Only the columns that are specified in the xform definition are binned, the remaining columns do not change
dbms_data_mining_transform.xform_bin_num(
bin_table_name IN VARCHAR2,
data_table_name IN VARCHAR2,
xform_view_name IN VARCHAR2,
literal_flag IN BOOLEAN DEFAULT FALSE,
bin_schema_name IN VARCHAR2 DEFAULT NULL,
data_schema_name IN VARCHAR2 DEFAULT NULL,
xform_schema_name IN VARCHAR2 DEFAULT NULL);
PRAGMA SUPPLEMENTAL_LOG_DATA(xform_bin_num, AUTO_WITH_COMMIT);
Creates a view that performs clipping of the data table.
Only the columns that are specified in the xform definition are clipped, the remaining columns do not change
dbms_data_mining_transform.xform_clip(
clip_table_name IN VARCHAR2,
data_table_name IN VARCHAR2,
xform_view_name IN VARCHAR2,
clip_schema_name IN VARCHAR2 DEFAULT NULL,
data_schema_name IN VARCHAR2 DEFAULT NULL,
xform_schema_name IN VARCHAR2 DEFAULT NULL);
PRAGMA SUPPLEMENTAL_LOG_DATA(xform_clip, AUTO_WITH_COMMIT);
Creates a view that performs column removal from the data table.

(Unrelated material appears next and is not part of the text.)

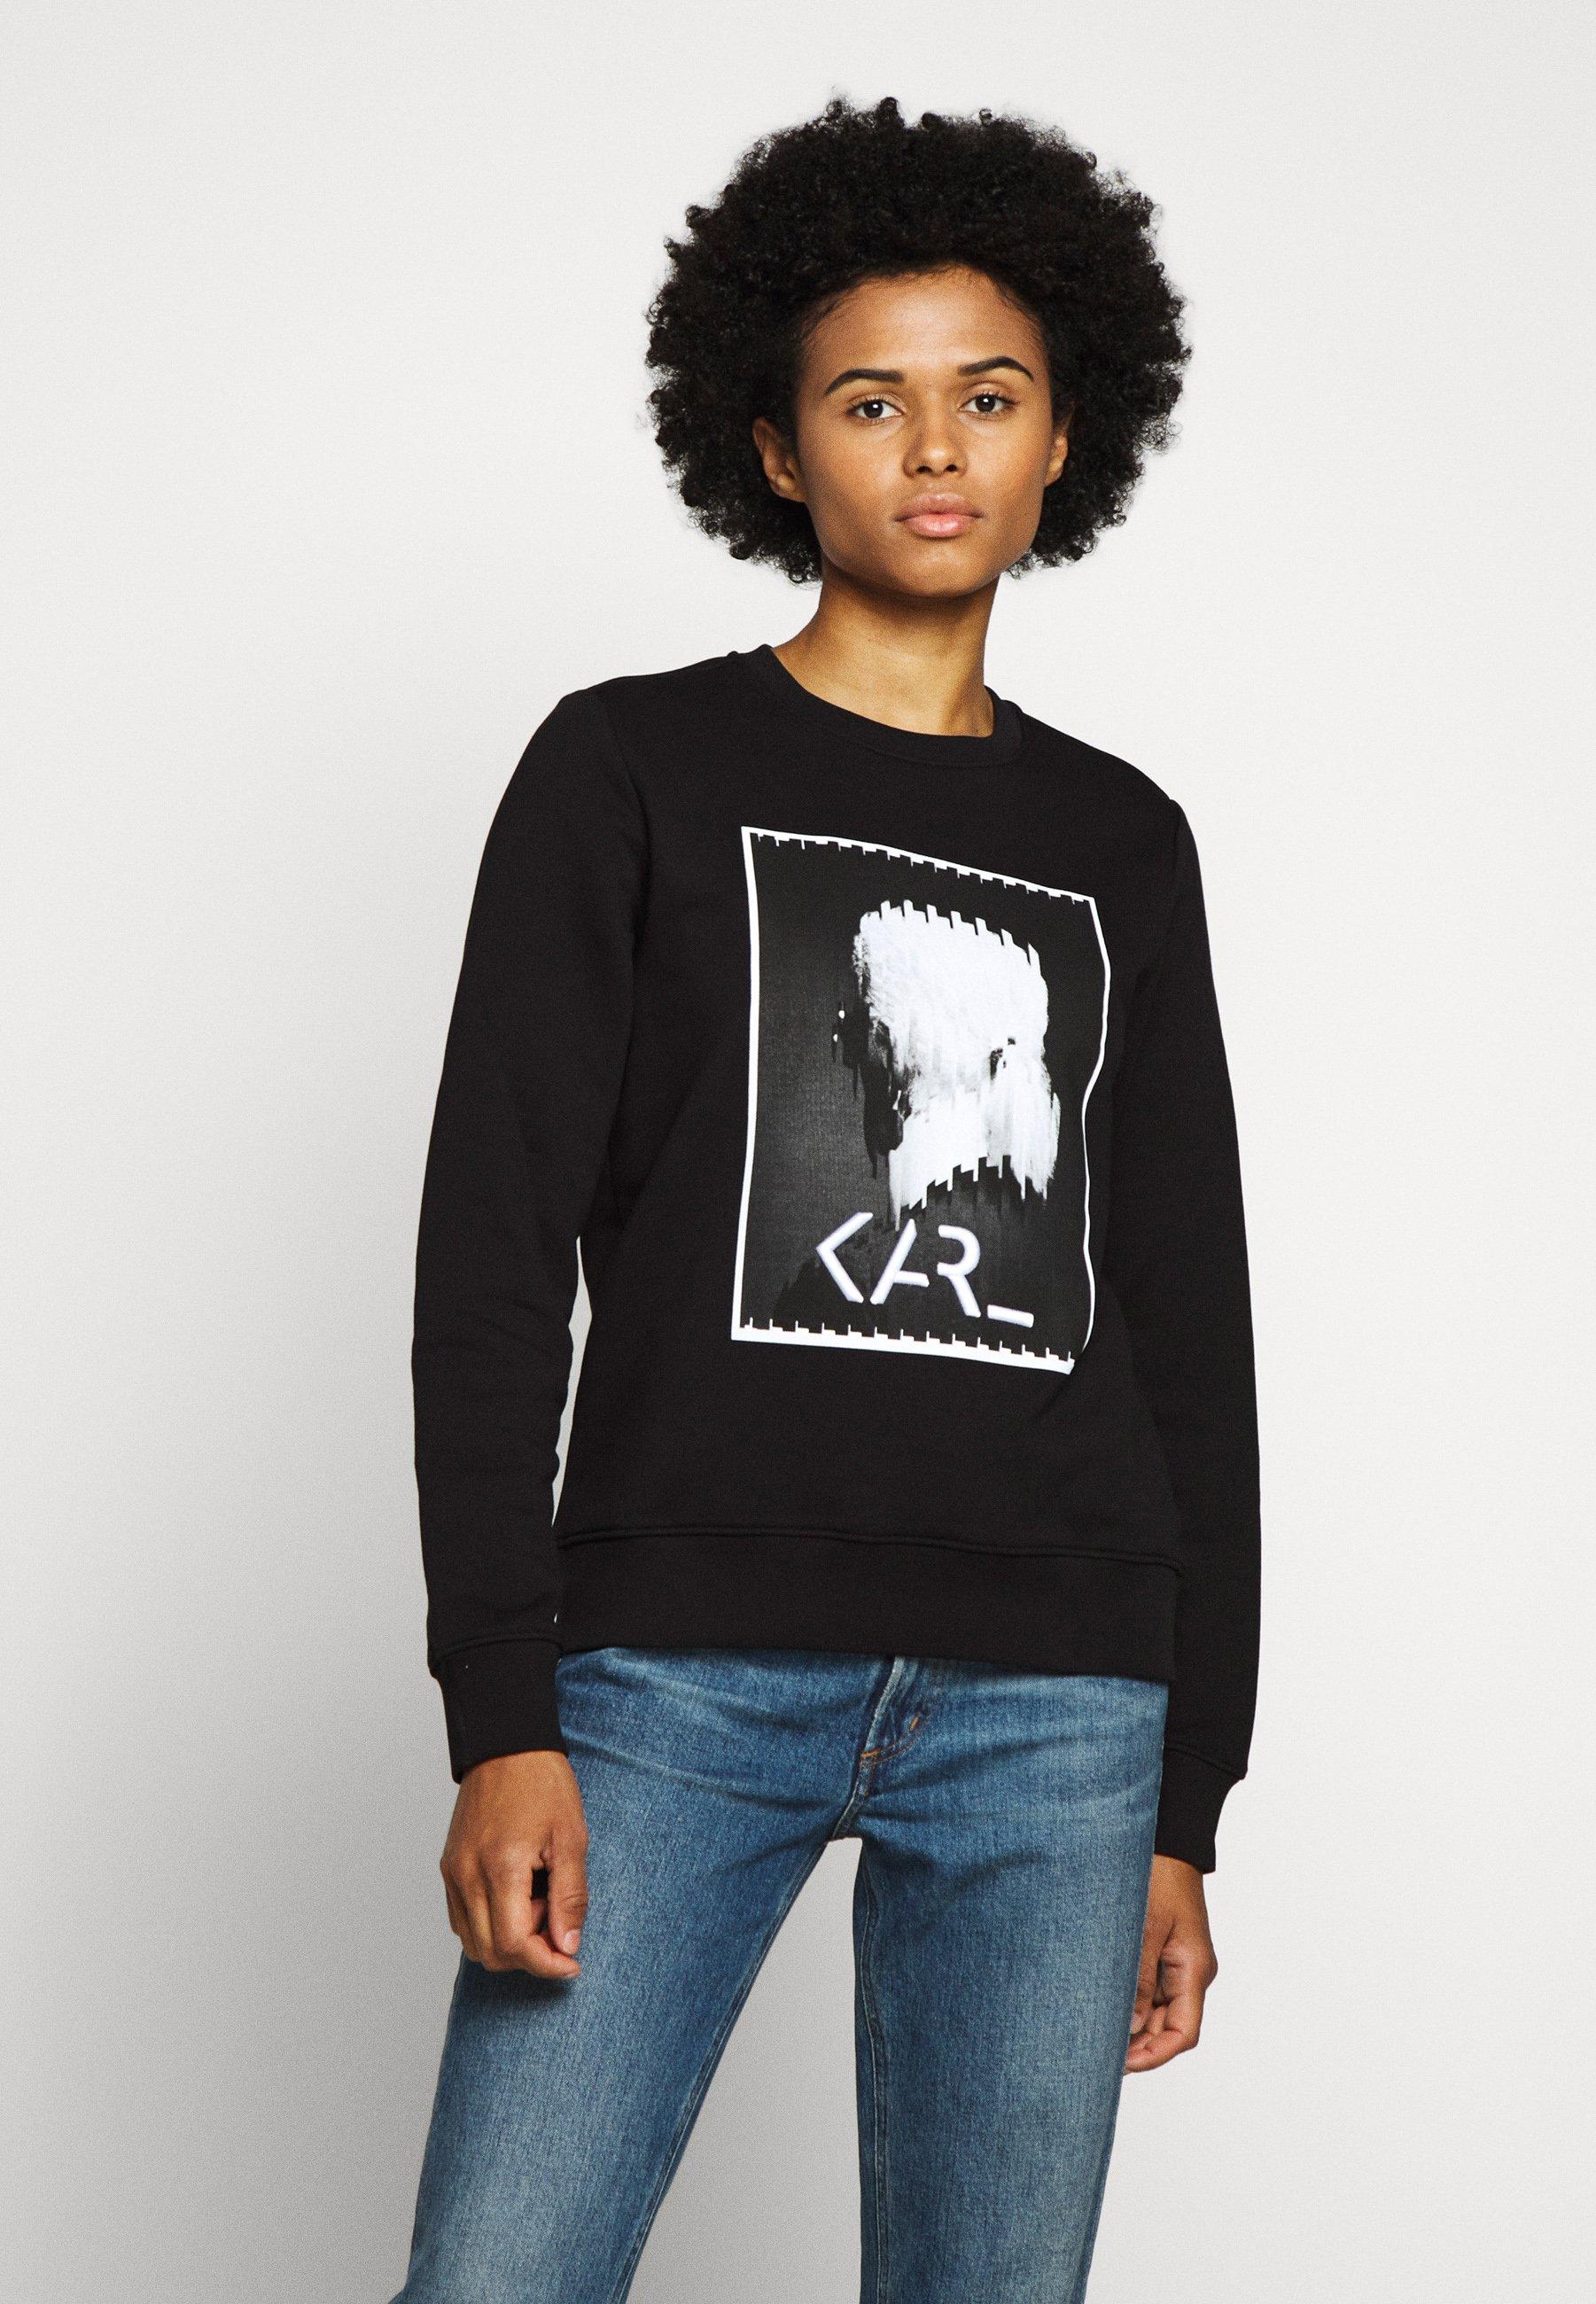 Factory Price Women's Clothing KARL LAGERFELD LEGEND PRINT Sweatshirt black tCoj1A8Ph

Only the columns that are specified in the xform definition are removed, the remaining columns do not change
dbms_data_mining_transform.xform_col_rem(
rem_table_name IN VARCHAR2,
data_table_name IN VARCHAR2,
xform_view_name IN VARCHAR2,
rem_schema_name IN VARCHAR2 DEFAULT NULL,
data_schema_name IN VARCHAR2 DEFAULT NULL,
xform_schema_name IN VARCHAR2 DEFAULT NULL);
PRAGMA SUPPLEMENTAL_LOG_DATA(xform_col_rem, AUTO_WITH_COMMIT);
Creates a view that applies a given expression for every NUMBER column in the data table that is not in the exclusion list and in the inclusion list
dbms_data_mining_transform.xform_expr_num(
expr_pattern IN VARCHAR2,
data_table_name IN VARCHAR2,
xform_view_name IN VARCHAR2,
exclude_list IN
sys.dbms_data_mining_transform.column_list DEFAULT NULL,
include_list IN
sys.dbms_data_mining_transform.column_list DEFAULT NULL,
col_pattern IN VARCHAR2 DEFAULT ':col',
data_schema_name IN VARCHAR2 DEFAULT NULL,
xform_schema_name IN VARCHAR2 DEFAULT NULL);
Similar to xform_expr_num, except that it applies to CHAR and VARCHAR2 columns instead of NUMBER
dbms_data_mining_transform.xform_expr_str(
expr_pattern IN VARCHAR2,
data_table_name IN VARCHAR2,
xform_view_name IN VARCHAR2,
exclude_list IN sys.dbms_data_mining_transform.column_list DEFAULT NULL,
include_list IN sys.dbms_data_mining_transform.column_list DEFAULT NULL,
col_pattern IN VARCHAR2 DEFAULT ':col',
data_schema_name IN VARCHAR2 DEFAULT NULL,
xform_schema_name IN VARCHAR2 DEFAULT NULL);
Creates a view that performs categorical missing value treatment of the data table
dbms_data_mining_transform.xform_miss_cat(
miss_table_name IN VARCHAR2,
data_table_name IN VARCHAR2,
xform_view_name IN VARCHAR2,
miss_schema_name IN VARCHAR2 DEFAULT NULL,
data_schema_name IN VARCHAR2 DEFAULT NULL,
xform_schema_name IN VARCHAR2 DEFAULT NULL);
PRAGMA SUPPLEMENTAL_LOG_DATA(xform_miss_cat, AUTO_WITH_COMMIT);
Creates a view that performs numerical missing value treatment of the data table
dbms_data_mining_transform.xform_miss_num(
miss_table_name IN VARCHAR2,
data_table_name IN VARCHAR2,
xform_view_name IN VARCHAR2,
miss_schema_name IN VARCHAR2 DEFAULT NULL,
data_schema_name IN VARCHAR2 DEFAULT NULL,
xform_schema_name IN VARCHAR2 DEFAULT NULL);
PRAGMA SUPPLEMENTAL_LOG_DATA(xform_miss_num, AUTO_WITH_COMMIT);
Creates a view that performs linear normalization of the data table.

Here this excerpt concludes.